● **Records to process**:
+ + + + + + +

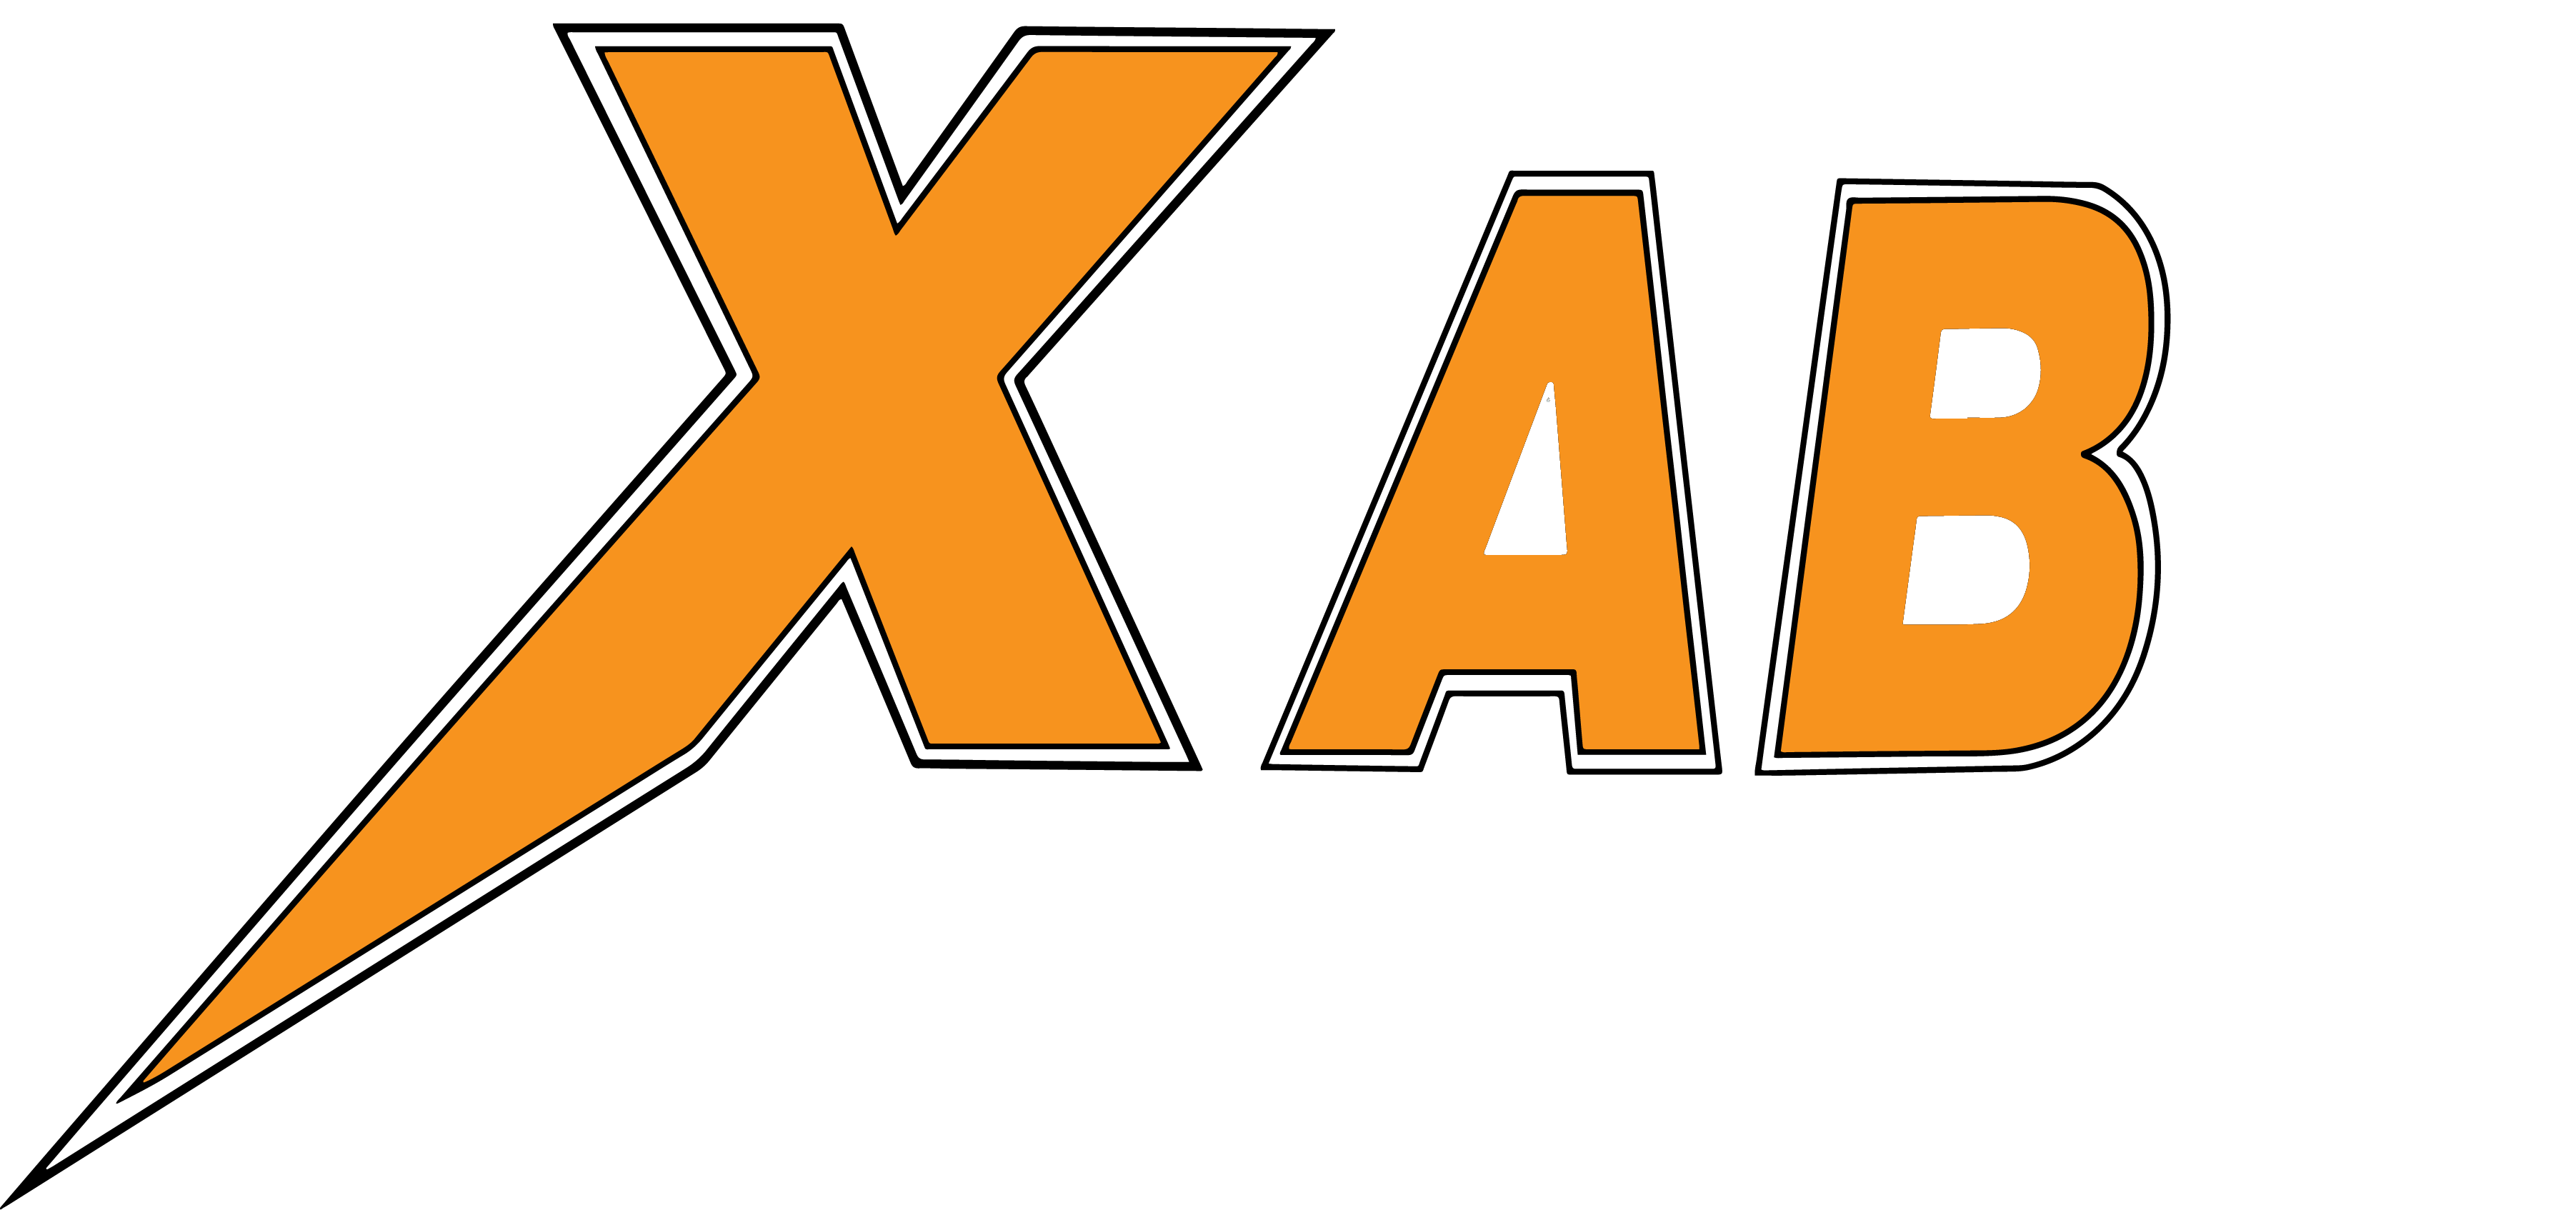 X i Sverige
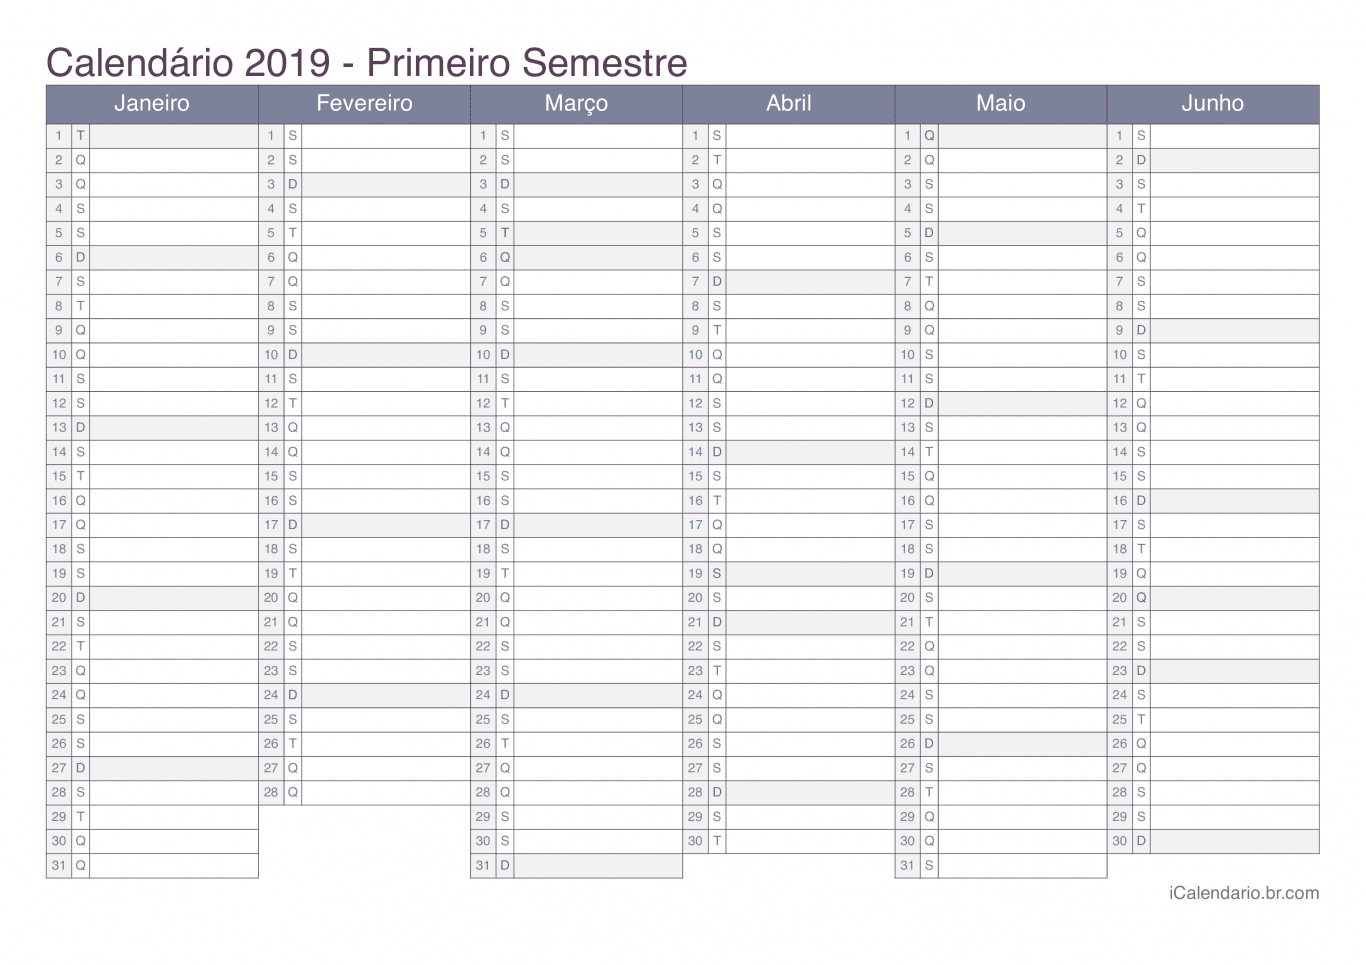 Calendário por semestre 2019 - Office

+ + + + + + +

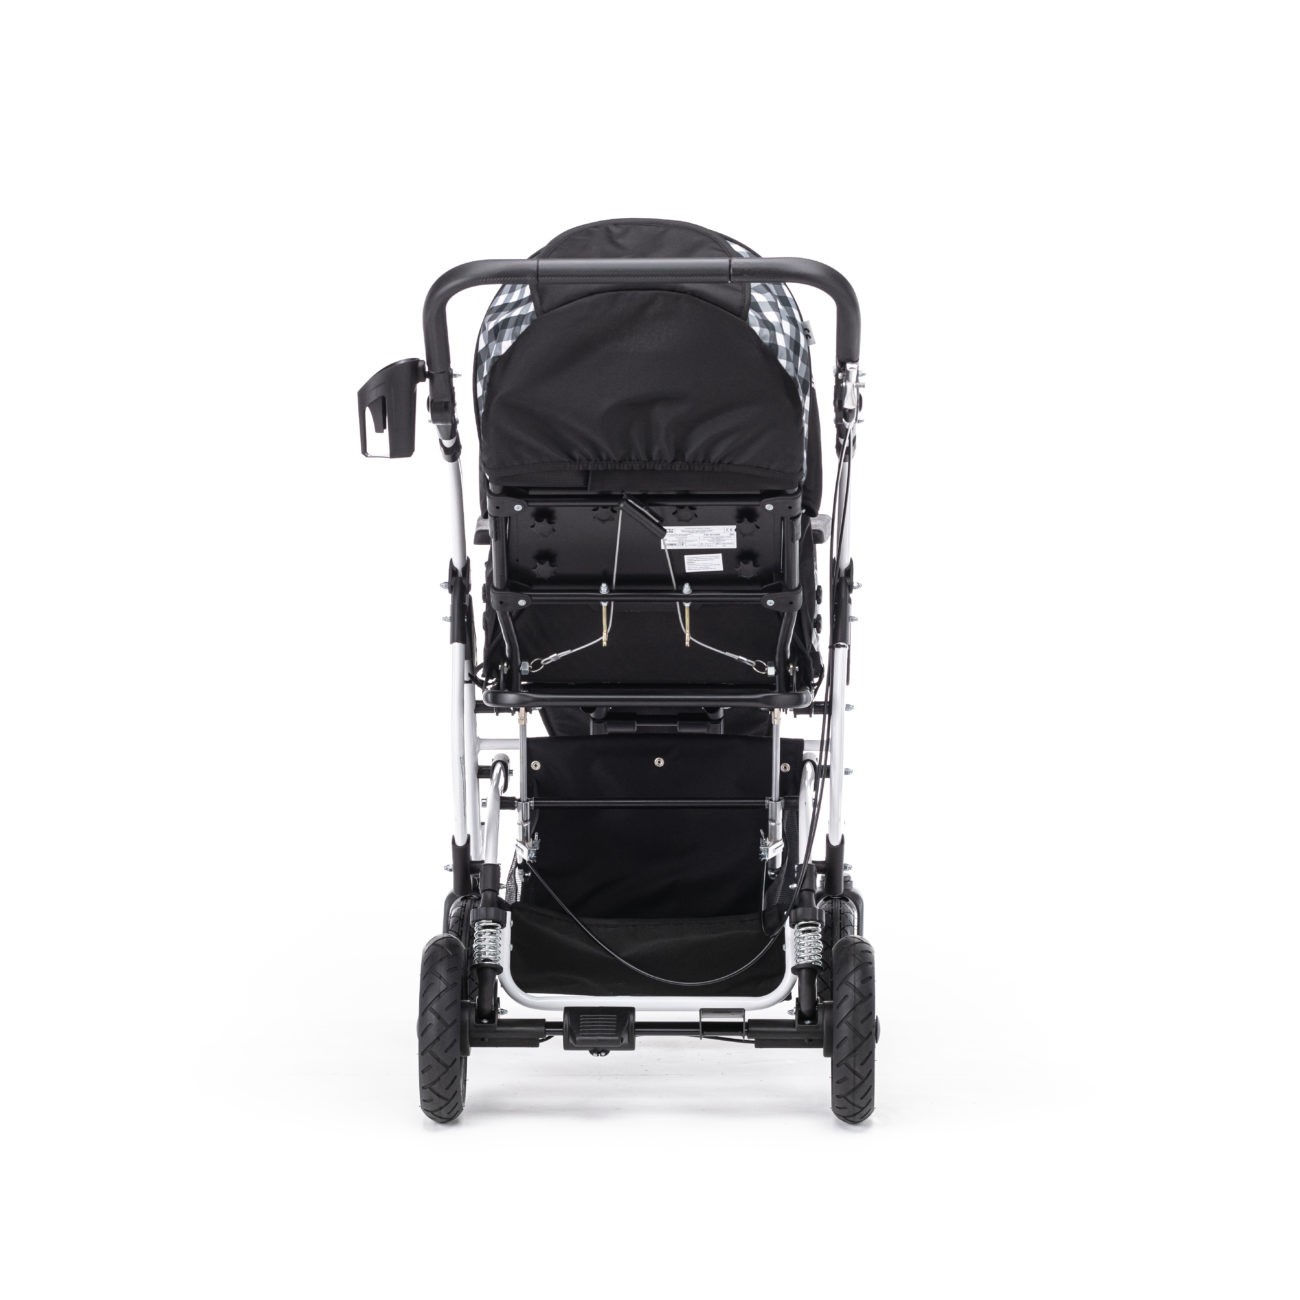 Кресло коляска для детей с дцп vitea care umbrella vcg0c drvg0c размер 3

+ + + + + + +

● **Work instructions**: Everything between and including the line above containing "X i Sverige" and the line containing "Calendário por semestre 2019 - Office" should be reproduced exactly, with pictures excluded.

● **Completed exercise**:
 X i Sverige
 Calendário por semestre 2019 - Office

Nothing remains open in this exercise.